Can changes in sex hormone binding globulin predict the risk of venous thromboembolism with combined oral contraceptive pills?

Abstract

Background: Recent studies have indicated that the risk of thromboembolic disease (VTE) in users of combined oral contraceptive pills (COCs) varies not only with estrogen dose, but also with the progestogen in pills with the same estrogen dose. The aim of this article is to discuss sex hormone binding globulin (SHBG) as a marker of estrogenicity and as a surrogate indicator for the potential risk of VTE in users of COC.

Material and methods: Using data from the literature, we investigated the relationship between the risk of VTE with various COCs and their effects on SHBG. We also collected data on the effects on SHBG by some combined preparations, where there are no VTE data.

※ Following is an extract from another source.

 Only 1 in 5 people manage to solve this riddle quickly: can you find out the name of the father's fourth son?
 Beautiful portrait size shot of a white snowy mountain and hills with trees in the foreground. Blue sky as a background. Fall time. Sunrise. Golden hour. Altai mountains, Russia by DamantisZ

Results: There appears to be a relationship between the risk of VTE and the effect on SHBG. Monophasic preparations containing levonorgestrel, having the lowest risk of VTE, cause an average SHBG increase of around 50%. COCs containing desogestrel or gestodene cause an average SHBG increase of 200-300%. A preparation with cyproterone acetate, carrying a higher risk of VTE than desogestrel and gestodene, cause a 300-400% SHBG increase. With the recently developed combined preparations, there is a 150% SHBG increase with norgestimate and a 250-300% increase with drosperinone and dienogest.

Conclusions: We propose that the change in SHBG with a COC could be interpreted as a measure of total estrogenicity and used as a predictor of the risk of VTE. Preparations containing drosperinone, dienogest, cyproterone acetate and norgestimate are equally or more estrogenic than the more thoroughly studied COCs, containing desogestrel or gestodene and should not be considered a safer substitute.